The results obtained (Table 2) showed that in water, the destruction of oil under the influence of the strain Rhodococcus sp. LER-12 VKM Ac-2626D for 2 months amounted to 52.55%. The destruction in the control tank has not changed significantly.

Example 5. Purification of soil from oil using cells of strain Rhodococcus sp. LER-12 VKM Ac-2626D

The ability of the strain Rhodococcus sp. LER-12 VKM Ac-2626D to activate the processes of oil degradation in permafrost soil are shown in the field experiment (table 3).

Biodegradation of oil in the soil during purification by the strain Rhodococcus sp. LER-12 VKM Ac-2626D is determined by the method of cold extraction in chloroform according to the method (10.RD 39-0147098-90 Instructions for monitoring the state of soils at the facilities of enterprises of the Ministry of Oil and Gas Industry).

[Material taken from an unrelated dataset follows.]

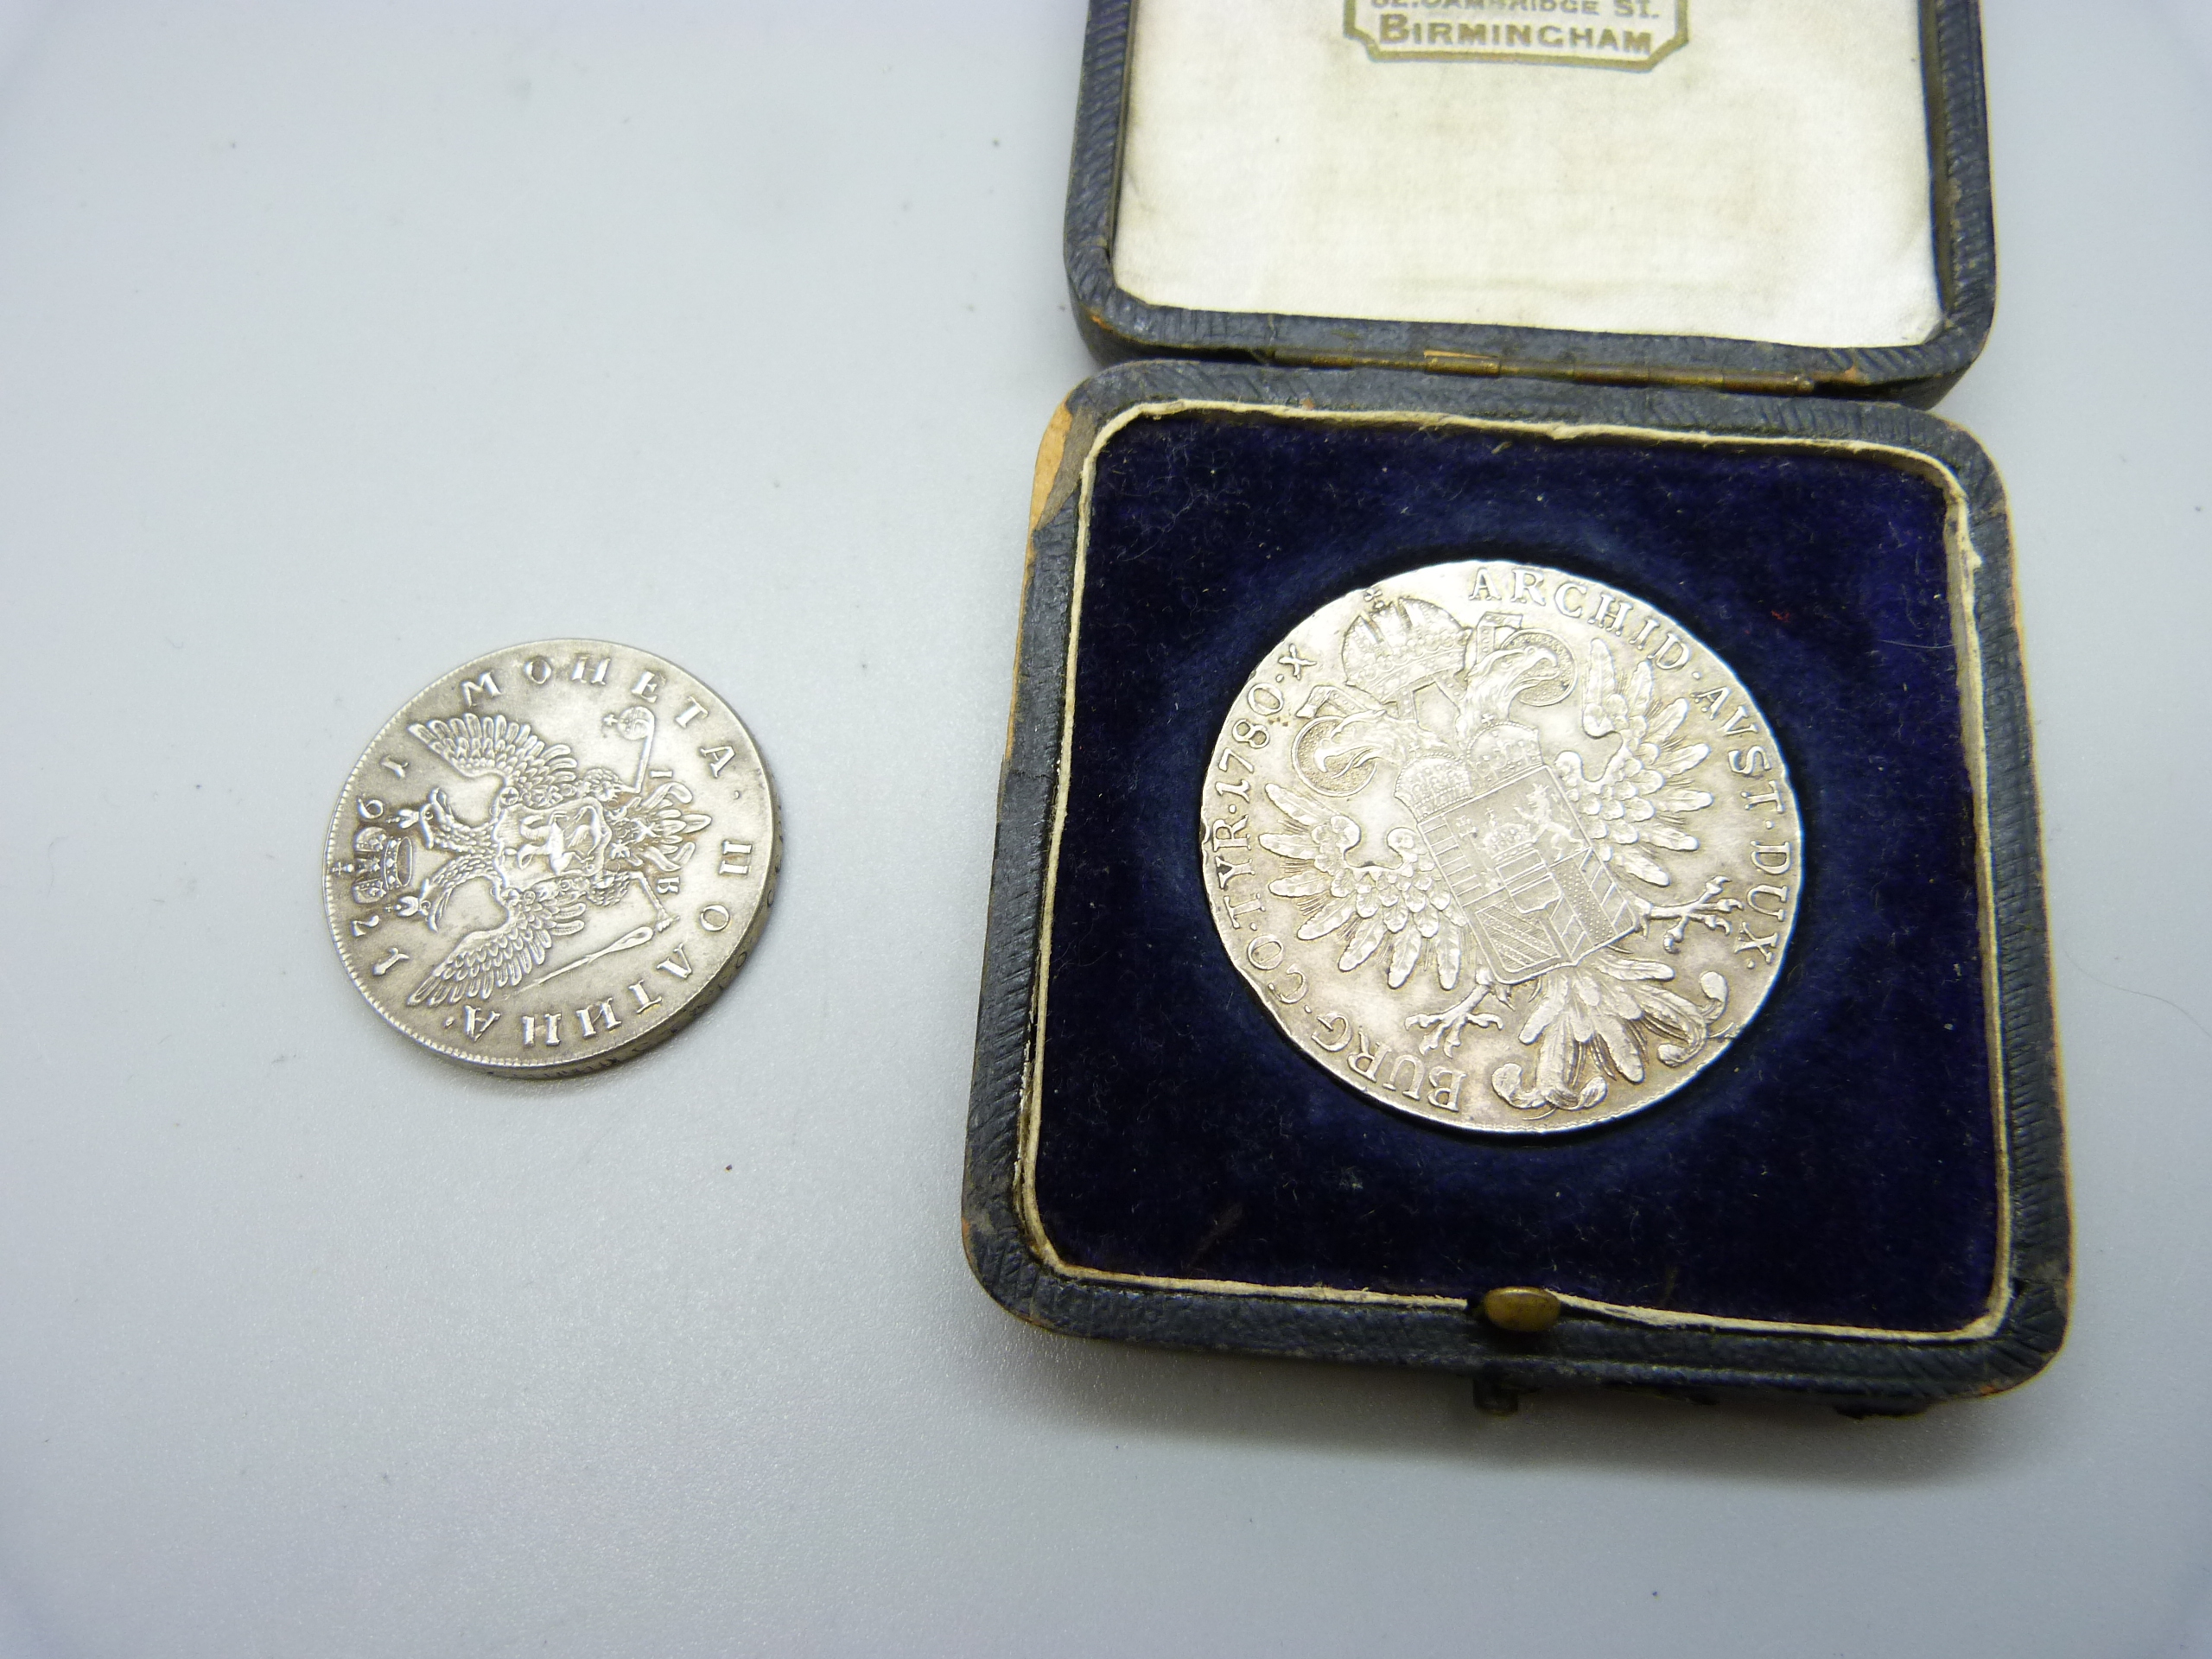 A Maria Theresia 1780 coin and a 1921 Austro-Hungarian coin - Image 2 of 2

For 2 months, the degradation of oil pollution in the soil treated with a bacterial preparation based on the strain: Rhodococcus sp. LER-12 VKM Ac-26260 was 53.95%; in the control variant, natural losses of oil pollution amounted to 11.54% over the same period of time.

Thus, the advantage of the proposed strain is that it has a high utilizing ability with respect to both oil and oil products in a relatively short time (from 7 days to 2 months), in a wide temperature range from +4 to + 30 ° C , which can be used to clean soils and water from oil and oil products pollution (diesel fuel, motor oil, hydraulic oil, gas condensate).

Claims (1)

The bacterial strain Rhodococcus sp. BKM Ac-2626D - a destructor of oil and oil products.